Hirata Y, Ishii M, Fukui K, Hayakawa H, Sugimoto T, Matsuoka H, Sugimoto T, Kangawa K, Matsuo H
Second Department of Internal Medicine, Faculty of Medicine, University of Tokyo, Japan.
Jpn Circ J. 1989 May;53(5):446-52. doi: 10.1253/jcj.53.446.
Since it is still controversial as to whether or not atrial natriuretic peptide (ANP) antagonizes norepinephrine (NE)-induced vasoconstriction, we examined the interactions of ANP and NE with respect to renal circulation. (I) Although ANP infusion at 25 ng/kg/min for 40 min caused a decrease in total peripheral resistance (-11%, p less than 0.01) in 34 patients with cardiovascular disease and 15 normotensives (NTs), renal vascular resistance (RVR) was not reduced consistently by ANP. However, there was a negative correlation between changes in RVR and the preinfusion plasma NE level (r = -0.51, p less than 0.001). (II) When NE infusion into 6 NTs at 100 ng/kg/min was followed by ANP infusion, urinary Na excretion was increased to a greater degree than that by ANP infusion alone (+234% vs +34%, p less than 0.01).
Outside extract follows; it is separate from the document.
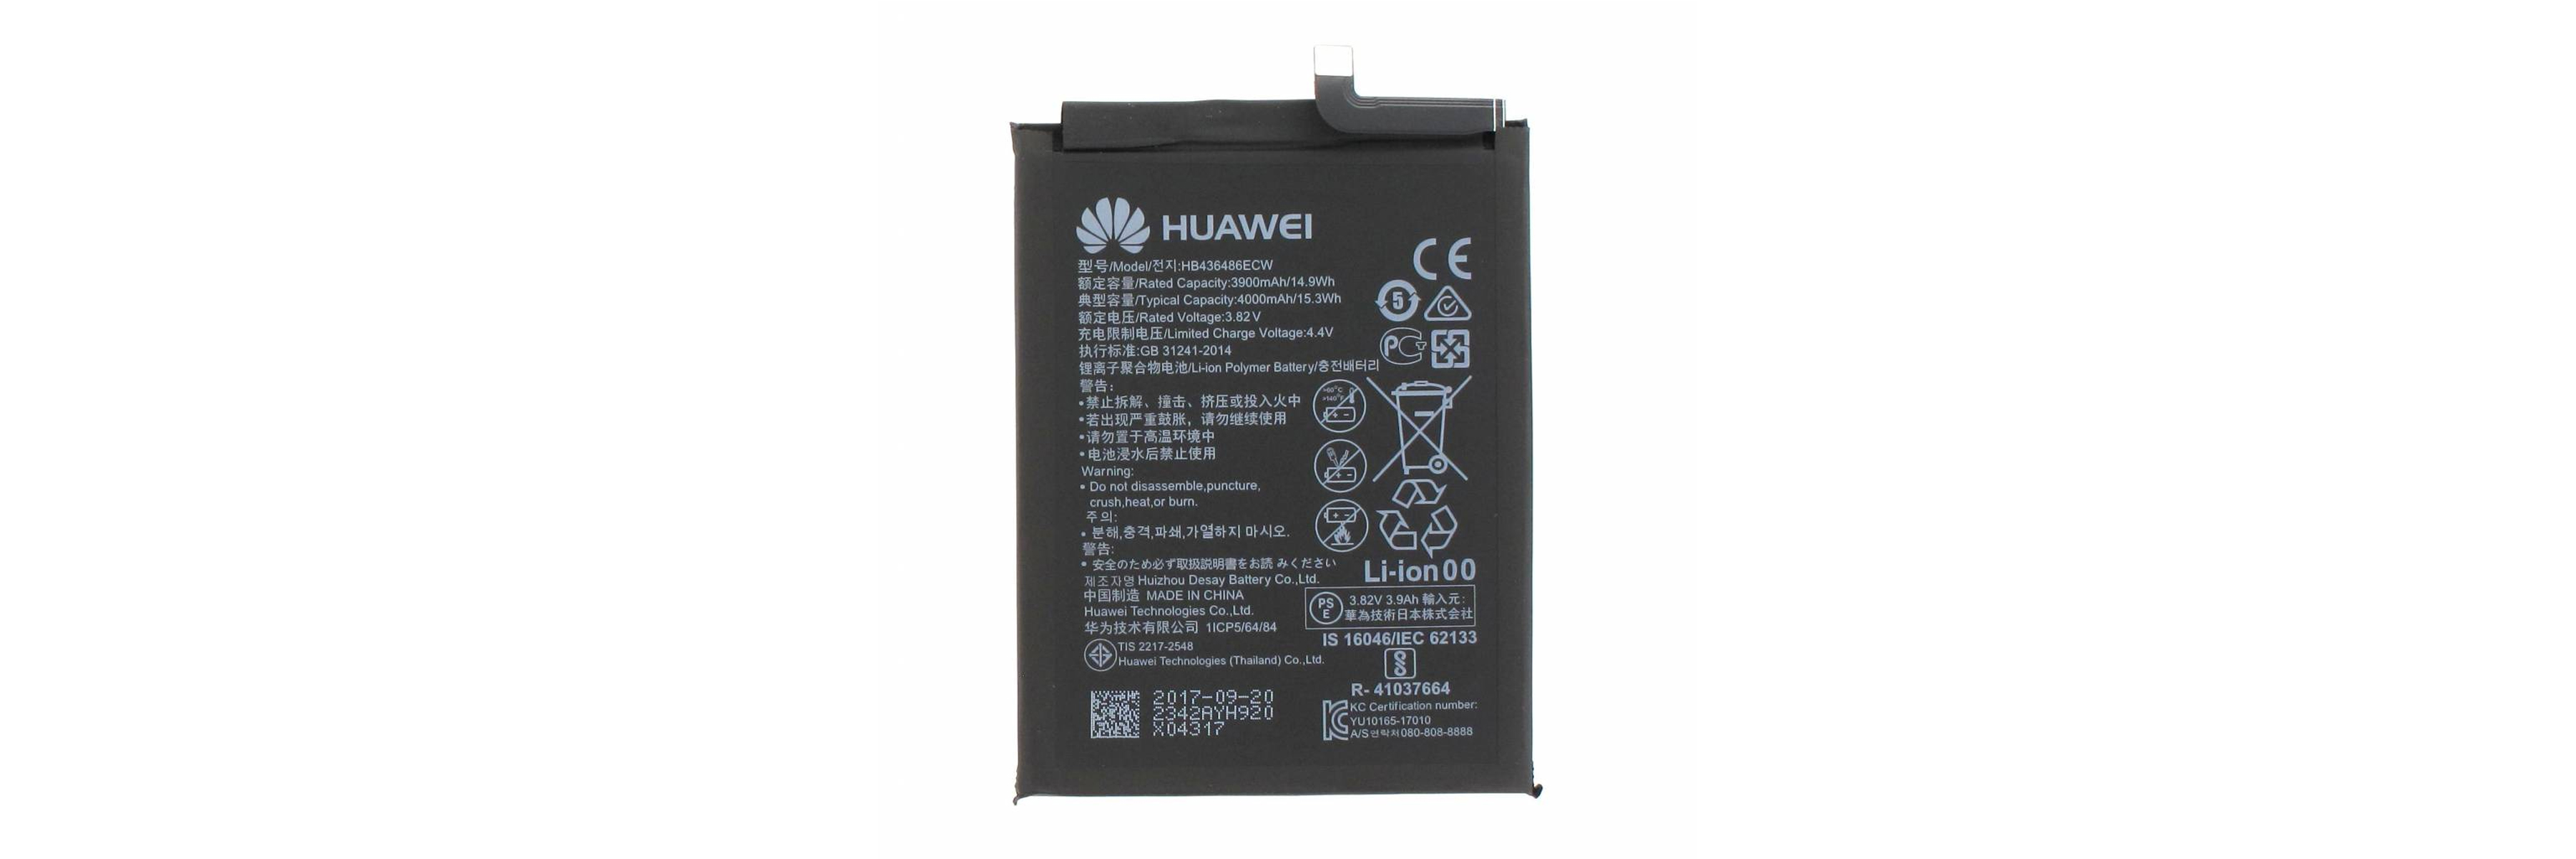 Ersetzen des Huawei P20 Pro Akkus

Furthermore, ANP brought about a recovery in NE-induced falls in renal blood flow (+40%) and glomerular filtration rate (+38%, both p less than 0.05). These effects were attributed to both a decrease in calculated renal afferent resistance and an increase in efferent resistance (-43% and +17%, respectively, p less than 0.05). Thus, increased sympathetic nervous activity seems to augment the renal effects of ANP, and the antagonistic effects of ANP to NE-induced preglomerular vasoconstriction may counteract Na retention caused by excessive sympathetic tone.
由于关于心房利钠肽(ANP)是否拮抗去甲肾上腺素(NE)诱导的血管收缩仍存在争议,我们研究了ANP和NE在肾循环方面的相互作用。(I)尽管以25 ng/kg/min的速度输注ANP 40分钟可使34例心血管疾病患者和15例血压正常者(NTs)的总外周阻力降低(-11%,p<0.01),但ANP并未持续降低肾血管阻力(RVR)。然而,RVR的变化与输注前血浆NE水平之间存在负相关(r = -0.51,p<0.001)。(II)当以100 ng/kg/min的速度向6例NTs输注NE后再输注ANP时,尿钠排泄量的增加幅度大于单独输注ANP时(+234%对+34%,p<0.01)。此外,ANP使NE诱导的肾血流量下降(+40%)和肾小球滤过率下降(+38%,均p<0.05)得到恢复。这些作用归因于计算得出的肾入球阻力降低和出球阻力增加(分别为-43%和+17%,p<0.05)。因此,交感神经活动增强似乎会增强ANP的肾脏效应,且ANP对NE诱导的肾小球前血管收缩的拮抗作用可能抵消过度交感神经张力引起的钠潴留。